Re: [PATCH v4 00/11] Perf improvements for hugetlb and vmalloc on arm64

Posted by Will Deacon 9 months ago

On Tue, 22 Apr 2025 09:18:08 +0100, Ryan Roberts wrote:
> This is v4 of a series to improve performance for hugetlb and vmalloc on arm64.
> Although some of these patches are core-mm, advice from Andrew was to go via the
> arm64 tree. All patches are now acked/reviewed by relevant maintainers so I
> believe this should be good-to-go.
> 
> The 2 key performance improvements are 1) enabling the use of contpte-mapped
> blocks in the vmalloc space when appropriate (which reduces TLB pressure).
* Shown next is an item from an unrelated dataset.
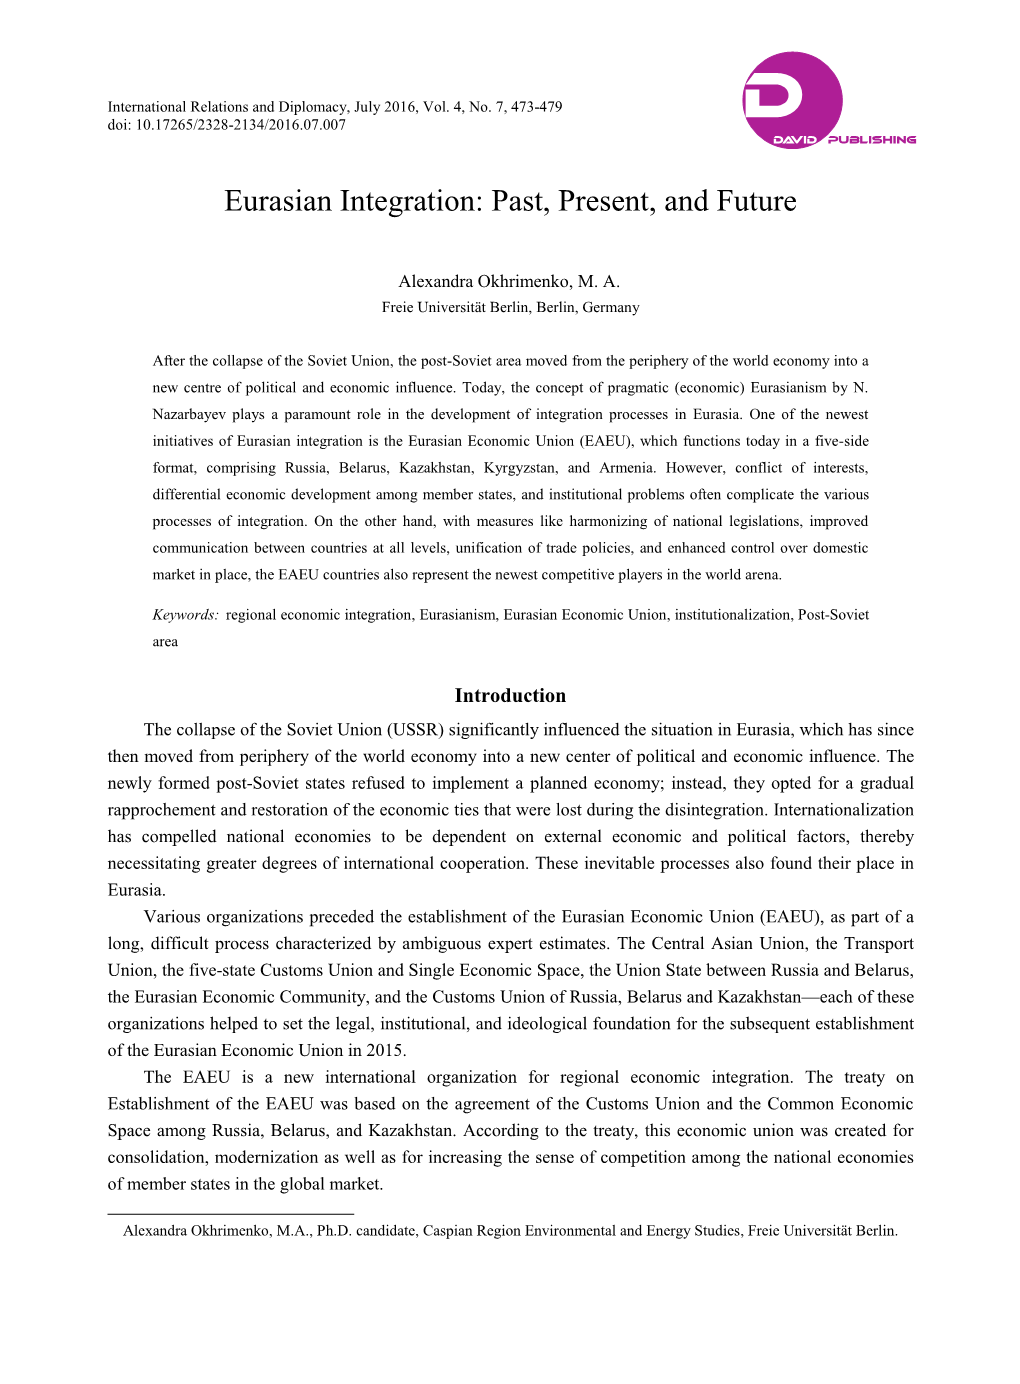 Eurasian Integration: Past, Present, and Future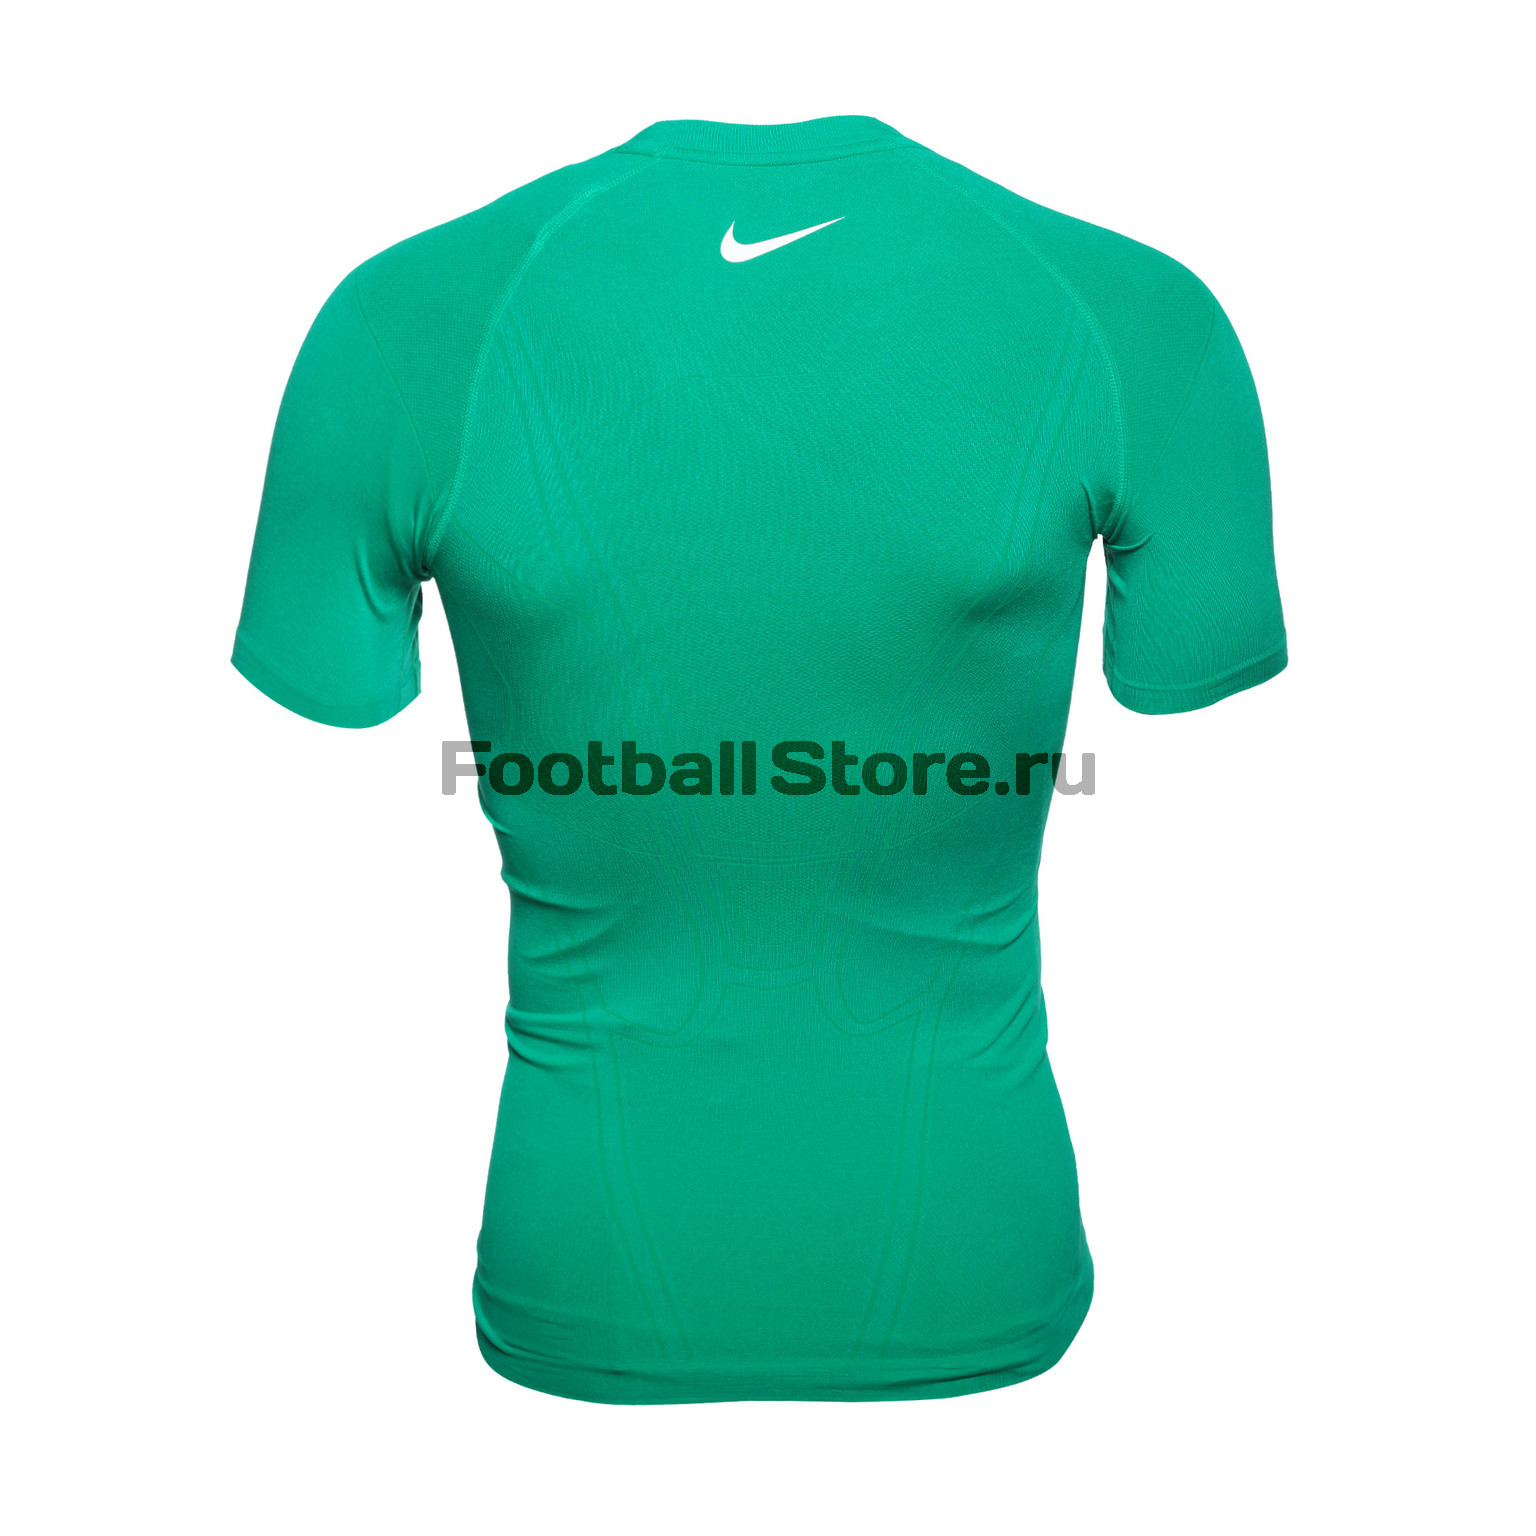 Белье футболка Nike Smls LS Top 824619-319

There
> were already hooks for this (used by powerpc) but they required some tidying and
> extending for arm64. And 2) batching up barriers when modifying the vmalloc
> address space for upto 30% reduction in time taken in vmalloc().
> 
> [...]

Sorry for the delay in getting to this series, it all looks good.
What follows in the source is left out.